DESCRIPTION OF THE TASK
Gather every line in the records below that contains the word "Maestro".

++++ DATA SUPPLIED ++++

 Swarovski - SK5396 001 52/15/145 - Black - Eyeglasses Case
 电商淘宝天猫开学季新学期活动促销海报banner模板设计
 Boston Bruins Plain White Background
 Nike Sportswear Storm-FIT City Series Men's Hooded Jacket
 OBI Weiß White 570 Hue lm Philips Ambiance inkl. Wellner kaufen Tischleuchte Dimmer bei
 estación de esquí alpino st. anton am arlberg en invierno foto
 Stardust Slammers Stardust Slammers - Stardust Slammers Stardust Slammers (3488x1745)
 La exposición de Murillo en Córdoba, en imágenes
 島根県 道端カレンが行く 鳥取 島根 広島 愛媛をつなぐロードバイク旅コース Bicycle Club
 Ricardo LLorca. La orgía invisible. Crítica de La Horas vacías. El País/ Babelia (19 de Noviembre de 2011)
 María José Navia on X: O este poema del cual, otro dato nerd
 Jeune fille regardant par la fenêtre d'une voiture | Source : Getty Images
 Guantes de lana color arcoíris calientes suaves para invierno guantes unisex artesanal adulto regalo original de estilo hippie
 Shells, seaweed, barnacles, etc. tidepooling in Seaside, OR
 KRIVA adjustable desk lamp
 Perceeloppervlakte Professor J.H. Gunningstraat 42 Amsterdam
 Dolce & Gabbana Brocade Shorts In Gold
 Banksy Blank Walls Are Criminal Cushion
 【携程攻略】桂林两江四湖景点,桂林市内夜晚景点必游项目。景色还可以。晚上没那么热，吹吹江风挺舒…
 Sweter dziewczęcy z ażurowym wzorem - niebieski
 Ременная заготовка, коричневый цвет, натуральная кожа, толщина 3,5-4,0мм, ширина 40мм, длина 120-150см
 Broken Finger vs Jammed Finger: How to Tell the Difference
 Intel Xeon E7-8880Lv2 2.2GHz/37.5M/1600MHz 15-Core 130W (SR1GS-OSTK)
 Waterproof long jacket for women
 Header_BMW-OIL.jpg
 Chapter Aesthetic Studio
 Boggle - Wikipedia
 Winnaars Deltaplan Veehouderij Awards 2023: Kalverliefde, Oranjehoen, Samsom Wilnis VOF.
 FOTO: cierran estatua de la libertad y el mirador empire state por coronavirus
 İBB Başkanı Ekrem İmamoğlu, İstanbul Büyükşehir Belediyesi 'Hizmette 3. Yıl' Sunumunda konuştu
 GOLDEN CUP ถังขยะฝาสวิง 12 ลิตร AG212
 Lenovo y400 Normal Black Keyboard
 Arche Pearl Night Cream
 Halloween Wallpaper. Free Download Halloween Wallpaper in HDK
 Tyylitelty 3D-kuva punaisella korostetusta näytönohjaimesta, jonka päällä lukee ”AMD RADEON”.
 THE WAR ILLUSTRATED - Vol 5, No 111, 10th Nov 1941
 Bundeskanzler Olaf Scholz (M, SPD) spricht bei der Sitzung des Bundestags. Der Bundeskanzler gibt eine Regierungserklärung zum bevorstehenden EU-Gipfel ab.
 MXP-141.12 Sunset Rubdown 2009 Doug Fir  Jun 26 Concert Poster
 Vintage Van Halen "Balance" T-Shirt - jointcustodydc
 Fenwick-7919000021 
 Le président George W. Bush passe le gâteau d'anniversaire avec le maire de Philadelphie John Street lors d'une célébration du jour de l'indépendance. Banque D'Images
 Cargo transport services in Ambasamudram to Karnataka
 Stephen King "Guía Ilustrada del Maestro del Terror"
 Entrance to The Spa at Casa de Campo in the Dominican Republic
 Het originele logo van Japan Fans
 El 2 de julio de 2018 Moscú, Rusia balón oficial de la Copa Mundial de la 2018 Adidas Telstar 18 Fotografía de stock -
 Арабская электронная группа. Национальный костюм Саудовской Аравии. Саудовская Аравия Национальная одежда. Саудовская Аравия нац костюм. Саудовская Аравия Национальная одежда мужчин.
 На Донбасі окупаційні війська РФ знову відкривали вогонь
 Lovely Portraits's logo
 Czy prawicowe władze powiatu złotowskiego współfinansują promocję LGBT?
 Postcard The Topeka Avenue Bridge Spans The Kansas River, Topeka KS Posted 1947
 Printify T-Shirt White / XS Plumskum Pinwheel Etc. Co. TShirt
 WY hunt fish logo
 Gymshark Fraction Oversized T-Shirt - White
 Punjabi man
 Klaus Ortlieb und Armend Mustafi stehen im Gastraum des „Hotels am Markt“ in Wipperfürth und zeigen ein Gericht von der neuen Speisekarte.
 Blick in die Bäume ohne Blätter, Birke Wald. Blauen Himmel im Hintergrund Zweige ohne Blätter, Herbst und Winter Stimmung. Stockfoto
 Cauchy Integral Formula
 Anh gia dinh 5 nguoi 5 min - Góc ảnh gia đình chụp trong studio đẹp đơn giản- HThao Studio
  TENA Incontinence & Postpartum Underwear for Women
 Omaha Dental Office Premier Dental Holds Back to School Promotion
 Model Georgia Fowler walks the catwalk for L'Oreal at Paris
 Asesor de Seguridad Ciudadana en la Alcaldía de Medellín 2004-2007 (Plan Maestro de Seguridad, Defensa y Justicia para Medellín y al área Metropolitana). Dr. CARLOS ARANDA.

++++

ANSWER
 Stephen King "Guía Ilustrada del Maestro del Terror"
 Asesor de Seguridad Ciudadana en la Alcaldía de Medellín 2004-2007 (Plan Maestro de Seguridad, Defensa y Justicia para Medellín y al área Metropolitana). Dr. CARLOS ARANDA.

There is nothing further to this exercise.